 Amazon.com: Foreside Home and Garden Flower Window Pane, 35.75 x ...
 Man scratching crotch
* * *
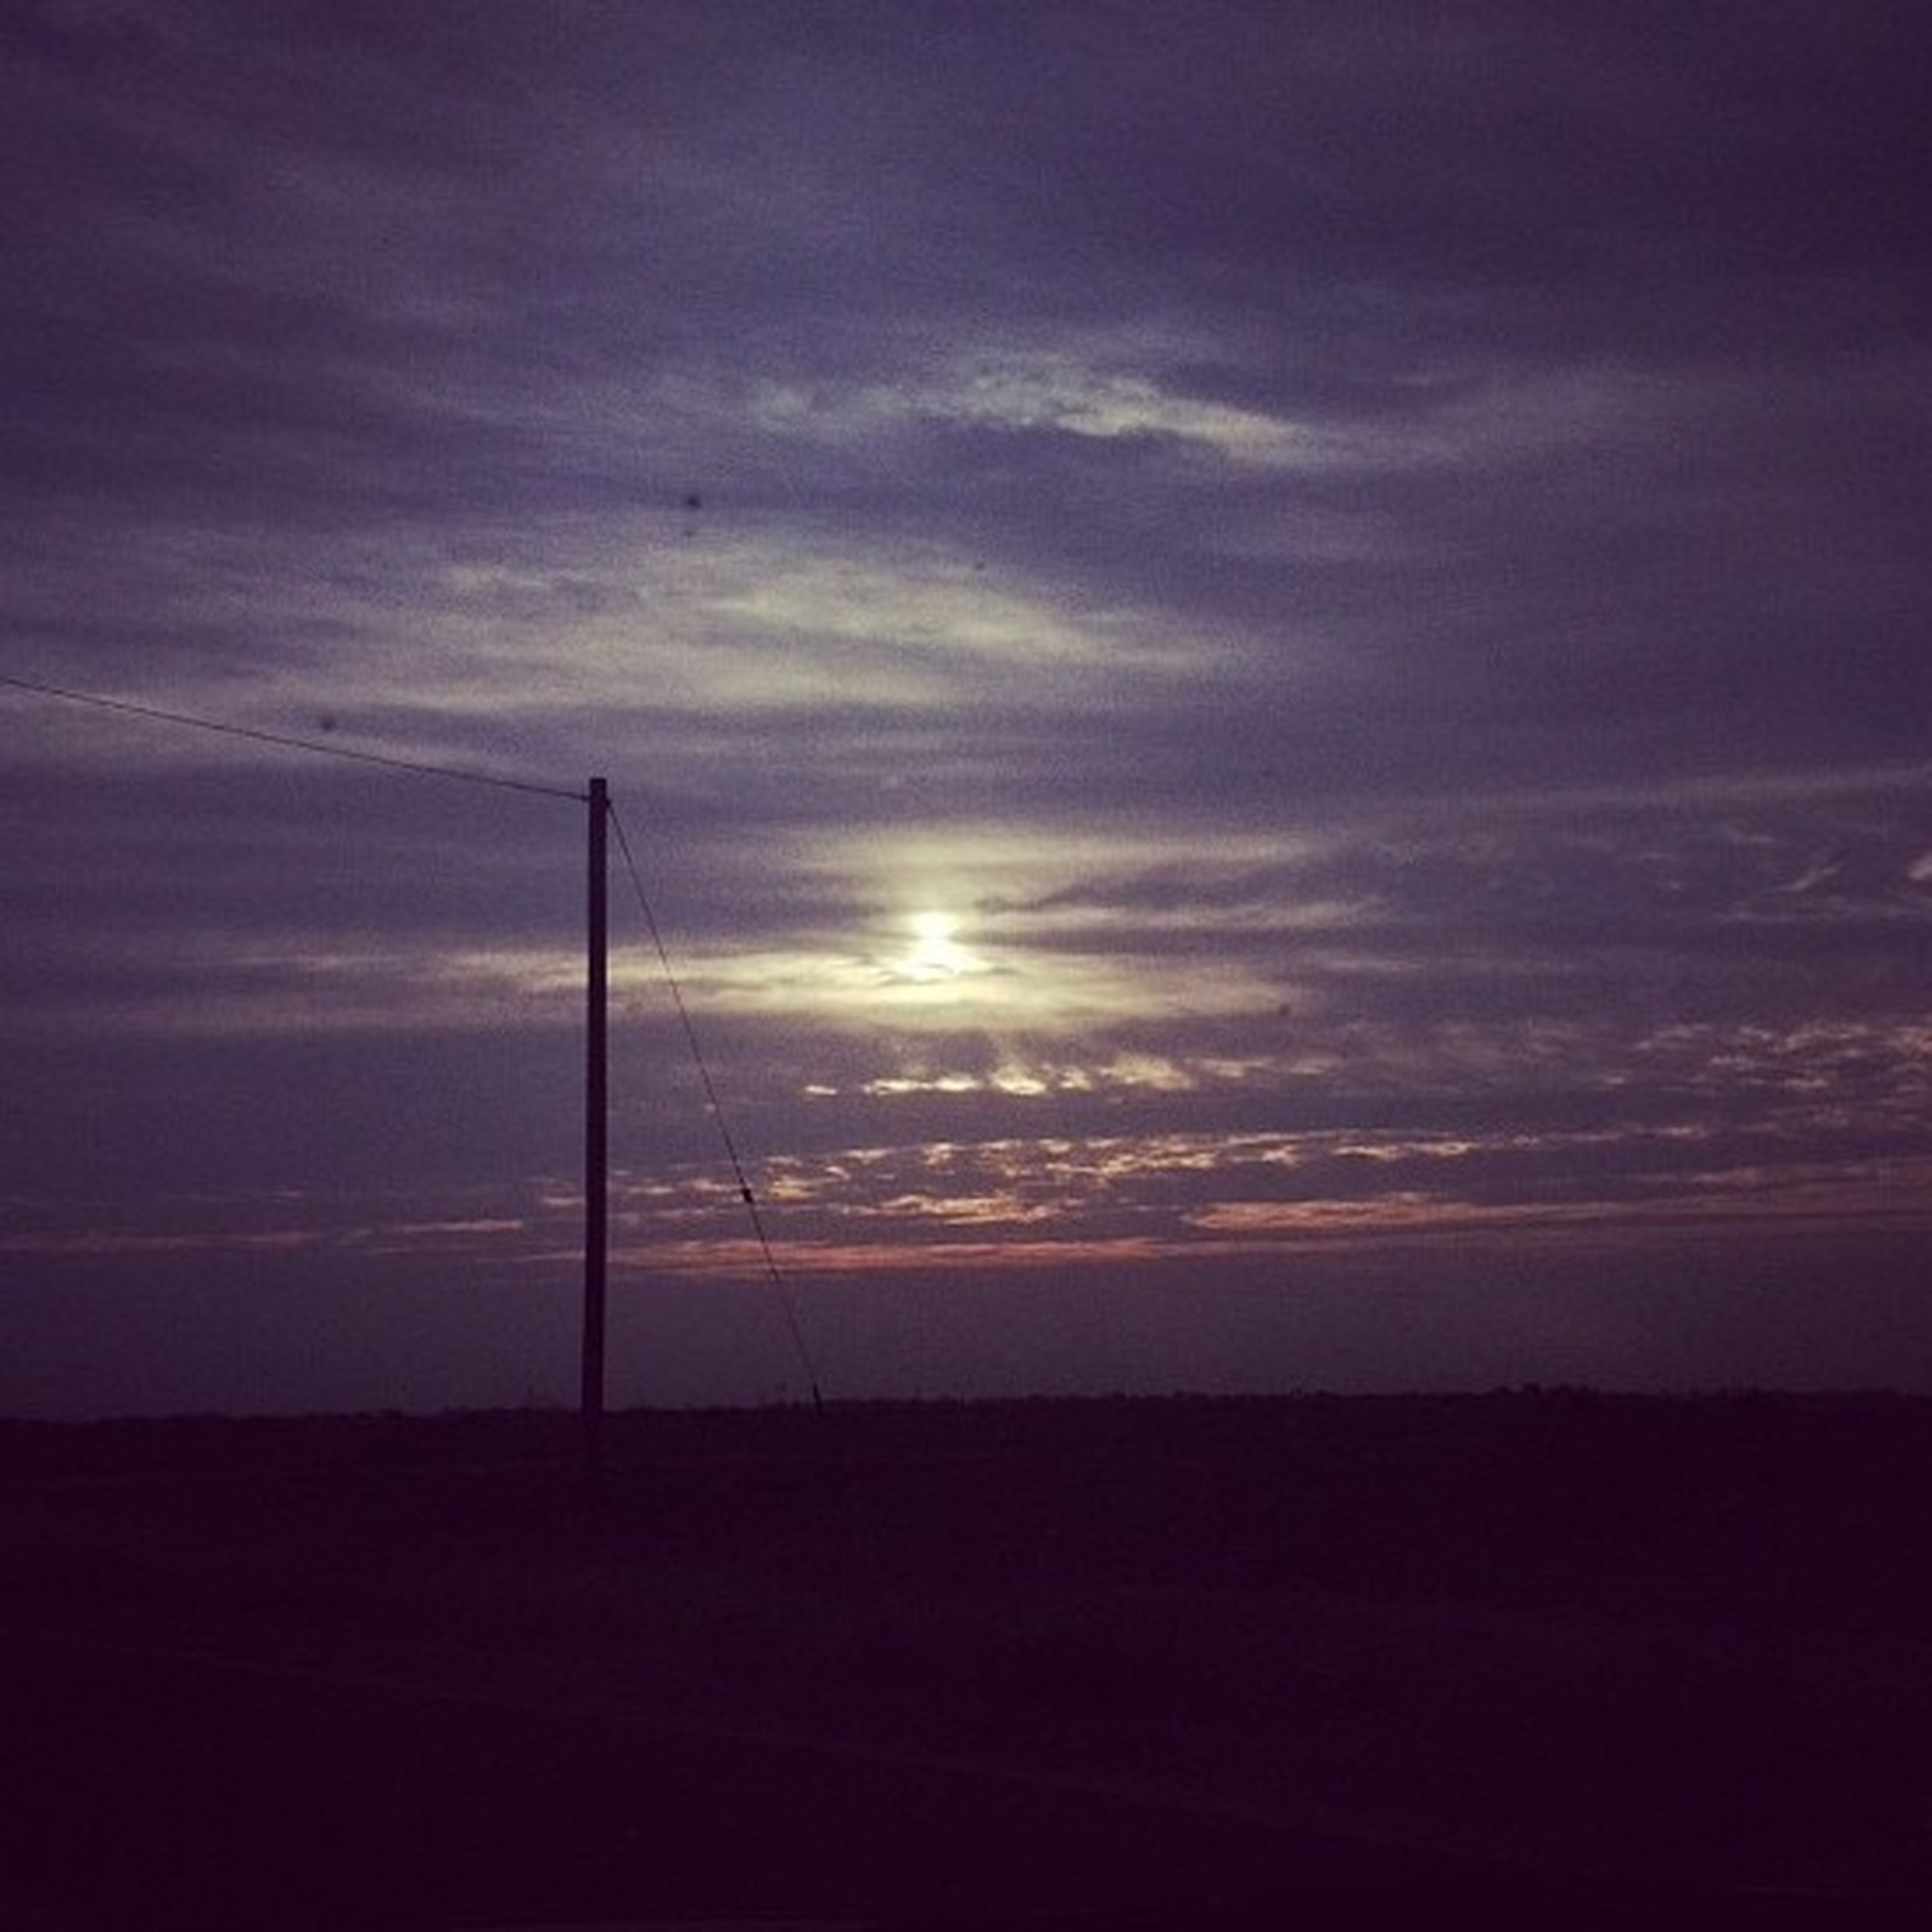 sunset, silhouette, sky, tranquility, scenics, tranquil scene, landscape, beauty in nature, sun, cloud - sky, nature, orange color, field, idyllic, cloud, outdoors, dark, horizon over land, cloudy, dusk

Task item:
Leave out every line above except those from the line with "Amazon.com: Foreside Home" up to and including the line with "Man scratching crotch", and copy those exactly.

Reply:
 Amazon.com: Foreside Home and Garden Flower Window Pane, 35.75 x ...
 Man scratching crotch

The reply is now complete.